Alright delete any code you have right now in your script editor and let’s get back to work. Now that we know what values a variables can refer to (integers, booleans, strings, floats, nothing, and soon we’ll learn about class objects) let’s manipulate these variables and their values. First thing though, I may not have made it clear in the last section, but in order to create a variable you must use the assignment operator which is just a basic equals sign. So take one of my examples from the last section:
integer = 5
“integer” is the name of the variable, the equals sign means “the variable ‘integer’ will now refer to the value to my right”, which in this case is an integer value of 5. This is how you build a variable, but an important note on naming conventions. ALWAYS make the names of your variables lower case, that is important, and also it is recommended that you make the variable name make sense to you so you know what value is being referred to. Alright, now that that’s out of the way, let’s manipulate these variables. Copy this code:
five = 5
four = 4
three = 3
# The sum
sum = five + four + three
Now there are a few things that need to be explained in this block of code. First of all, the comment symbol. Comments do not affect code or execution of the code AT ALL, they are simply used to explain code and help the coder not forget why he wrote a line of code the way he did. To create a comment, simply being a line with a “#” symbol.

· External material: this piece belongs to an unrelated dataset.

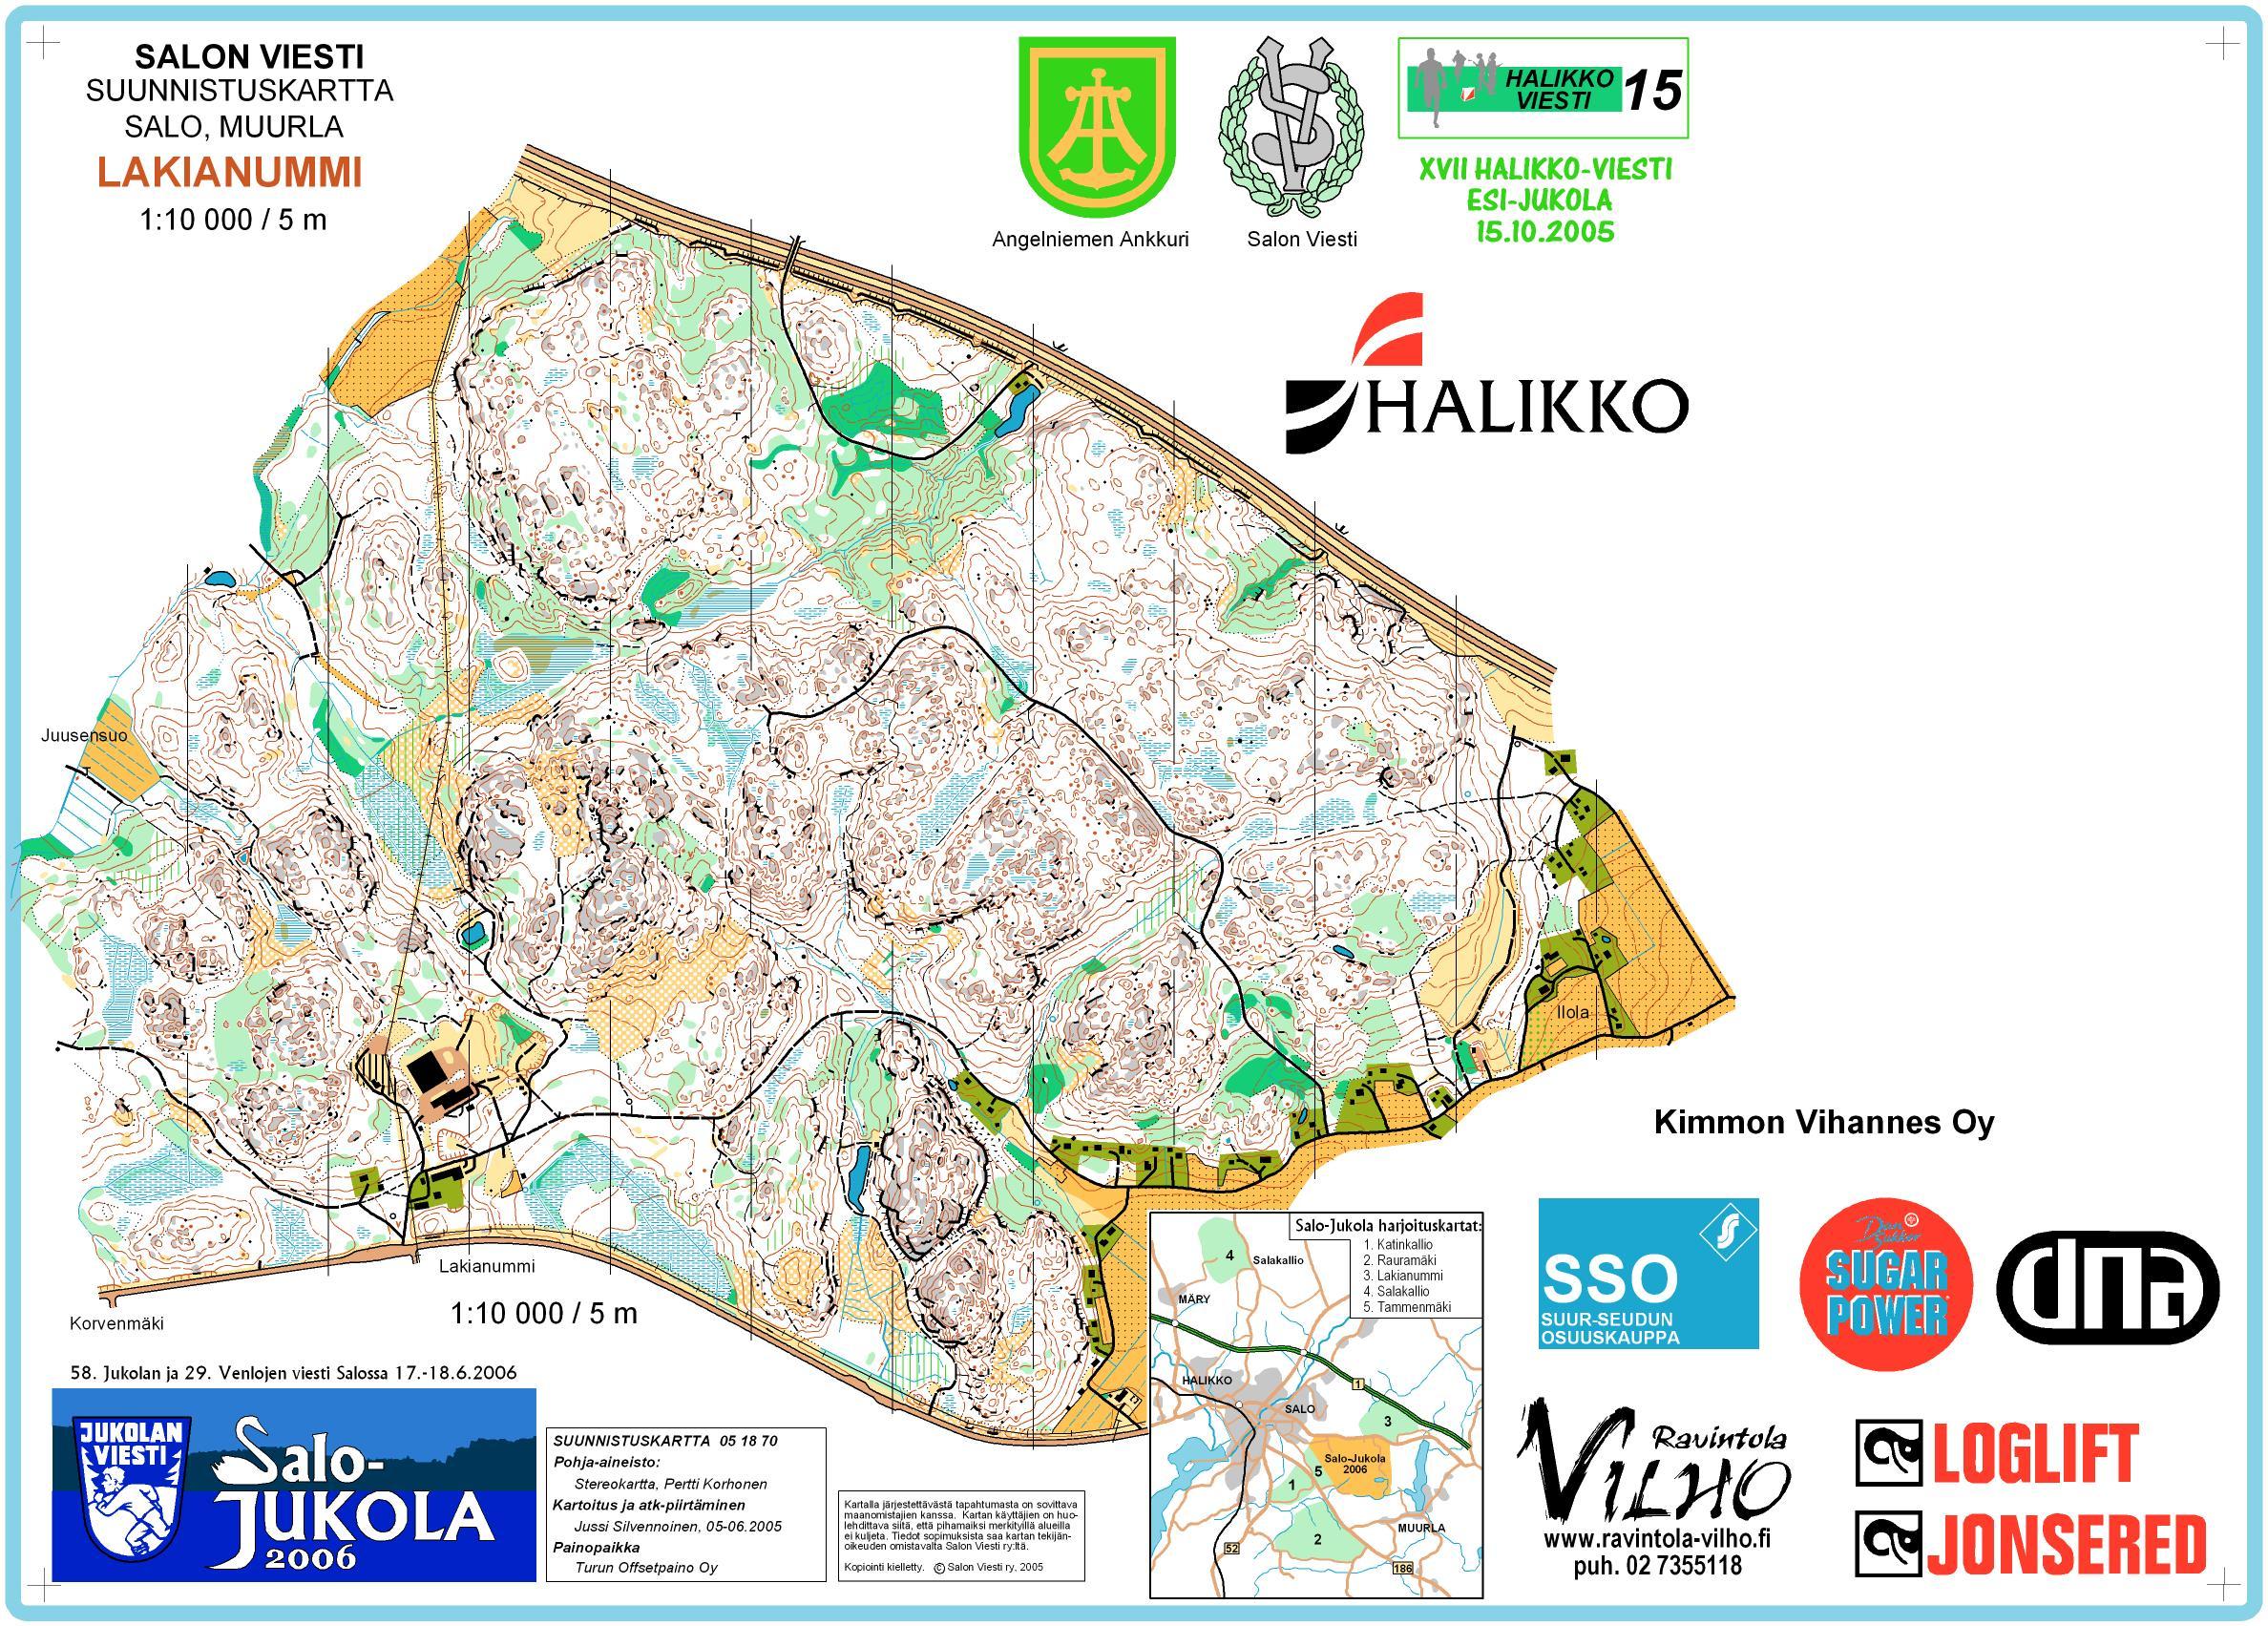 2005 10 15 Halikko Viesti Esi Jukola 2005

Next, we have the print command. Basically all that does is allow you to print to the screen the value to the right of it.
Finally, we have our variable manipulation. We first built three variables that each refer to integer values (3, 4, and 5). Then we added the variables together using the addition sign and due to the fact that those variables now refer to integers, it’s like adding integers together. Now, we make another variable called “sum” refer to the literal sum of the three variables we built prior to that. We end the block of code with us printing the final result to the screen which is 12. Example in the default scripts!
Alright guys, go to the “Game_Temp” default script and find a line of code that looks like a variable is being built. For me, since I’m in RMXP right now, I found the line of code:
@map_bgm = nil
Do not worry about the “@” sign, we’ll discuss that in later tutorial when we go over the different types of variables. You also don’t need to know what this means (even though you could infer that this means the map background music starts off being nothing or no music plays in the beginning unless explicitly stated). I just want to show you guys that variables can be found anywhere and they are extremely useful and there are constructed in the same way we discussed in this tutorial:
variable_name = valueConclusion
Well, hopefully this tutorial was more interesting than the last one (I’m trying lol). Good news though is that you should have a nice grip on variables and their purpose (along with the types of acceptable values a variable can refer to and manipulating variables). I will talk more about variables in later tutorials because there is still more to cover about them, but we have to learn some other information first before diving in.